- PROBLEM TO WORK ON
Once you find the line with "Trish Western Boots - Snip Toe" in the entries below, print it and each line after it up to and including the line with "Pzx Akku 10000mAh", exactly, without pictures.

- RECORD EXTRACTS

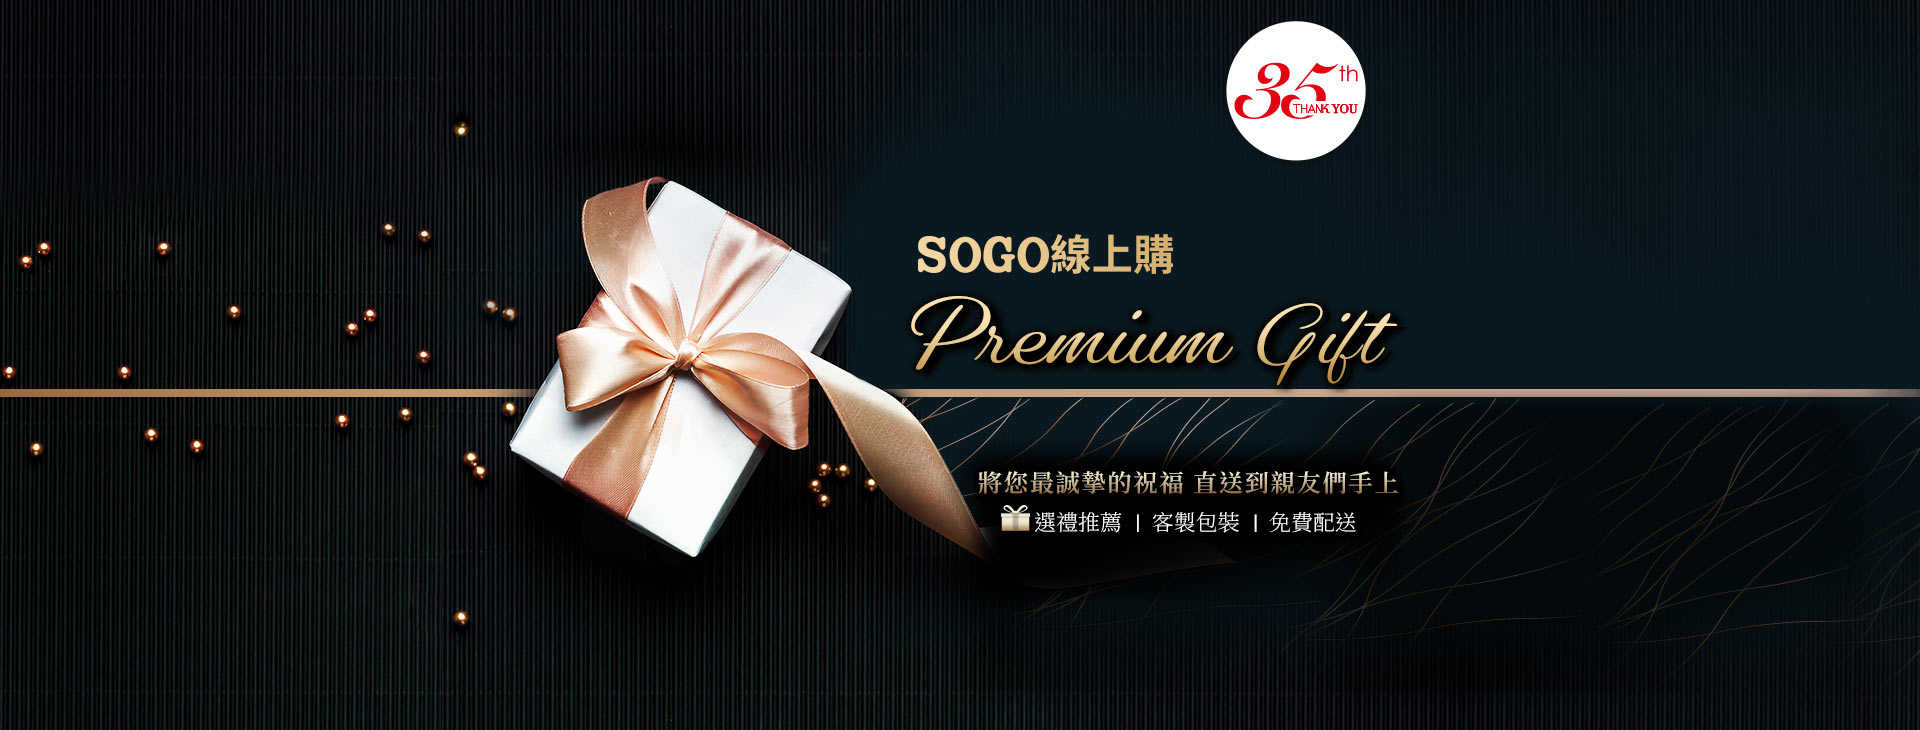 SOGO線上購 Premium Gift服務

...

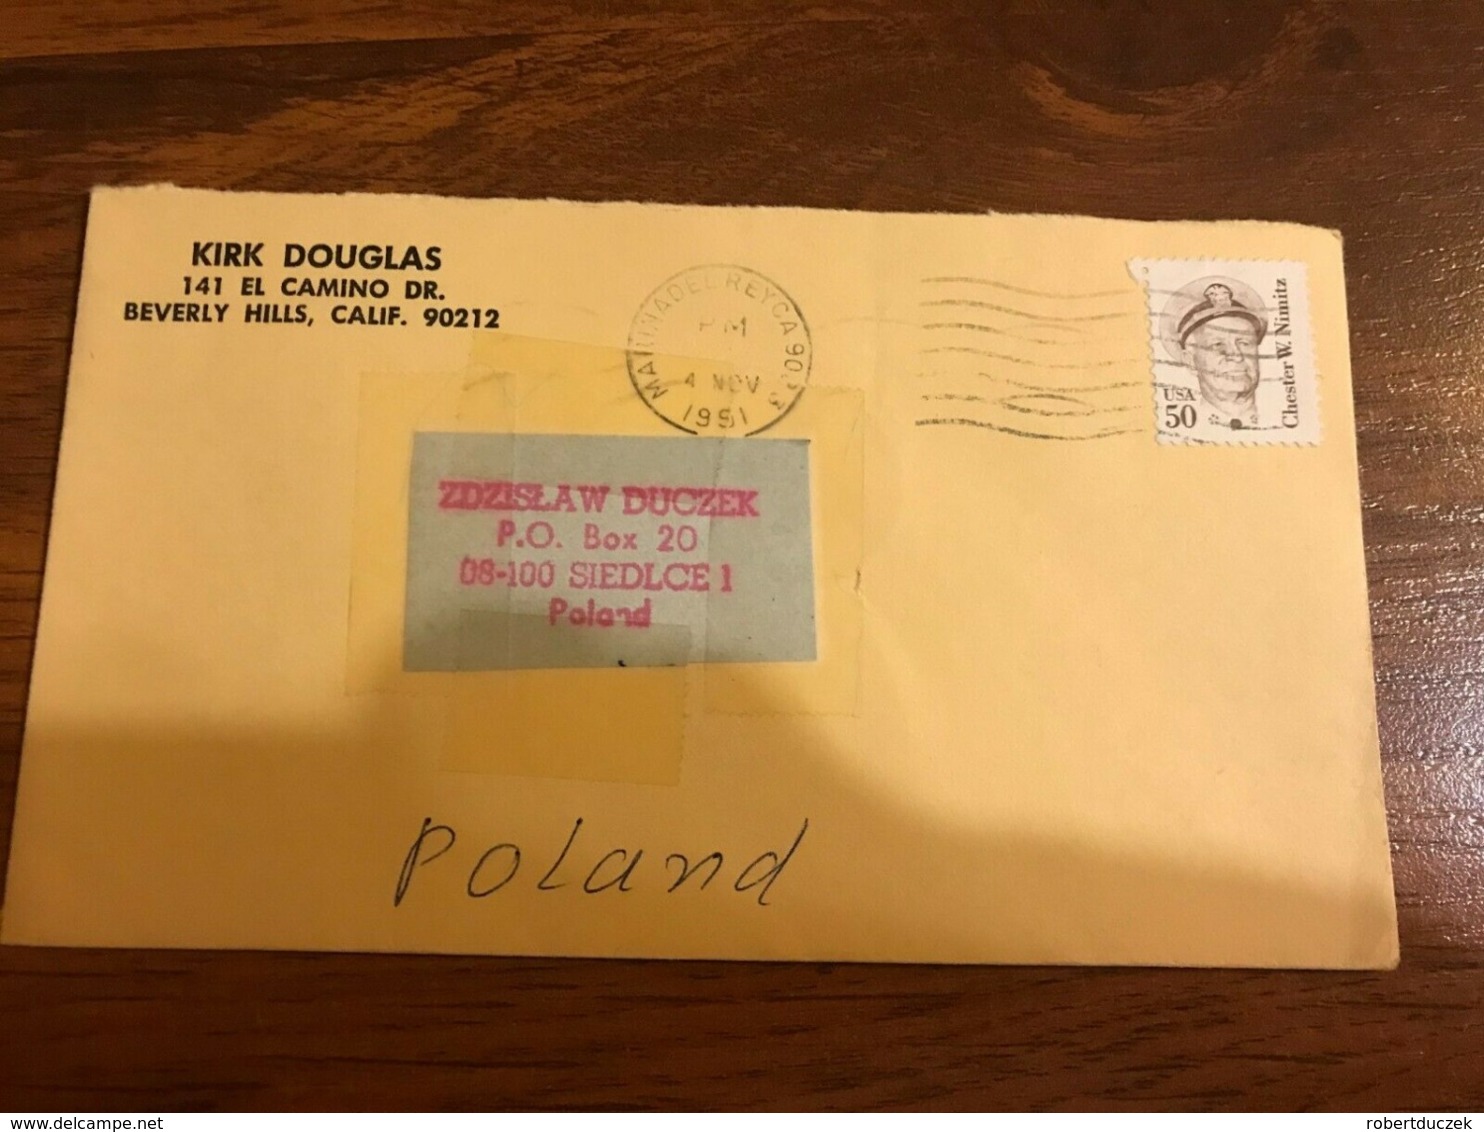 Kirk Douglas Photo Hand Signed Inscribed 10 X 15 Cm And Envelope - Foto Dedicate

...

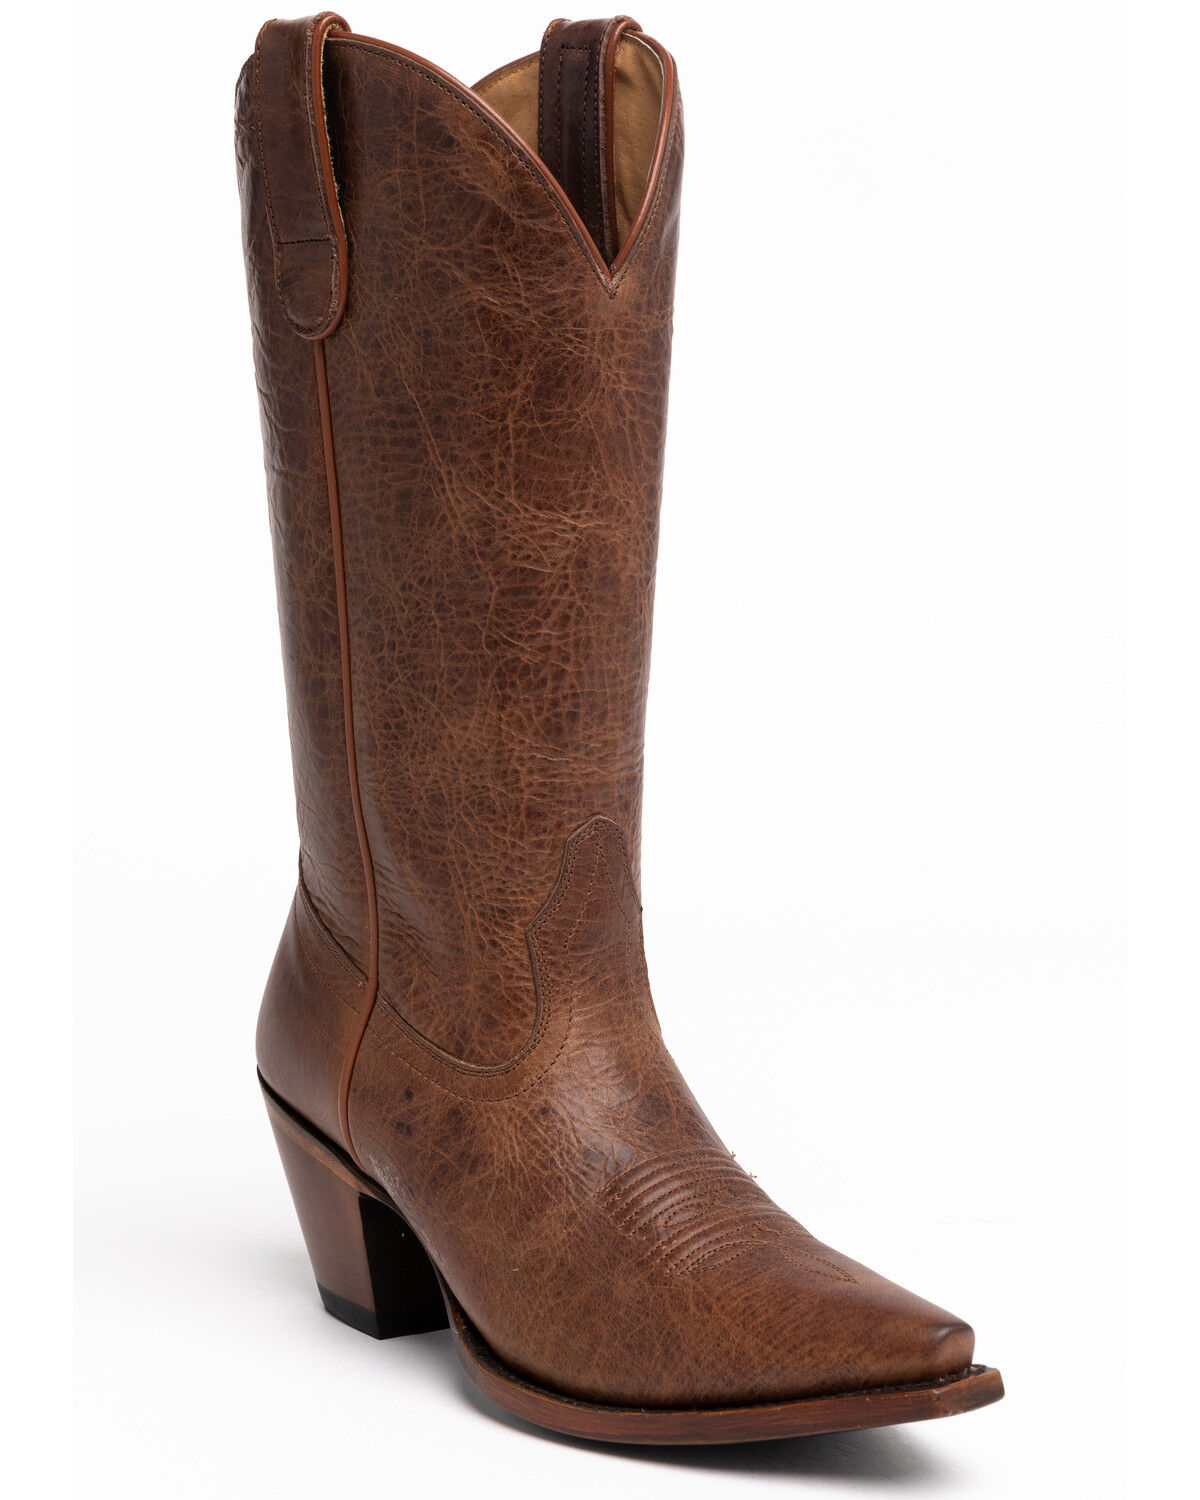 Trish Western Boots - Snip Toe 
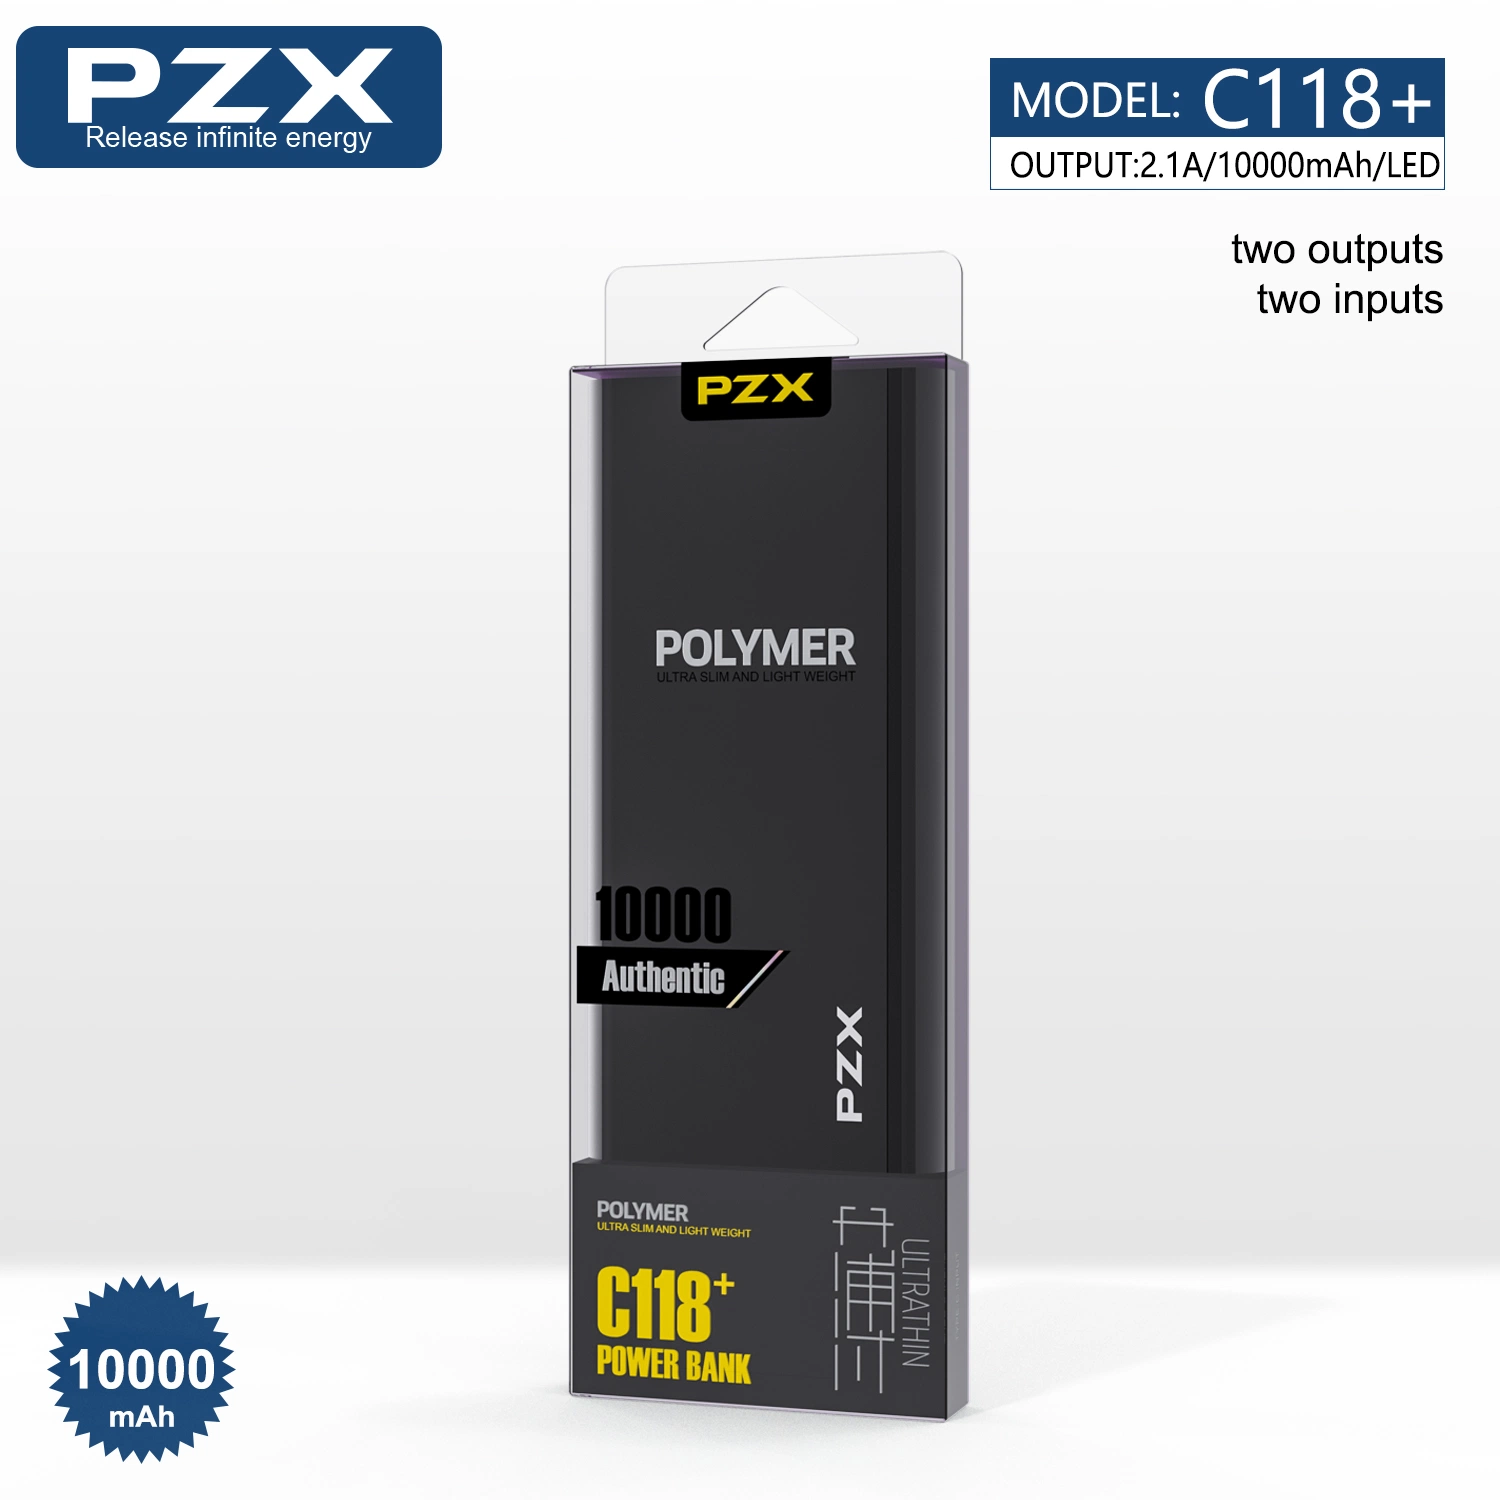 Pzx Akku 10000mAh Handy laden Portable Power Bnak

- SOLUTION FOR THIS EXERCISE
 Trish Western Boots - Snip Toe 
 Pzx Akku 10000mAh Handy laden Portable Power Bnak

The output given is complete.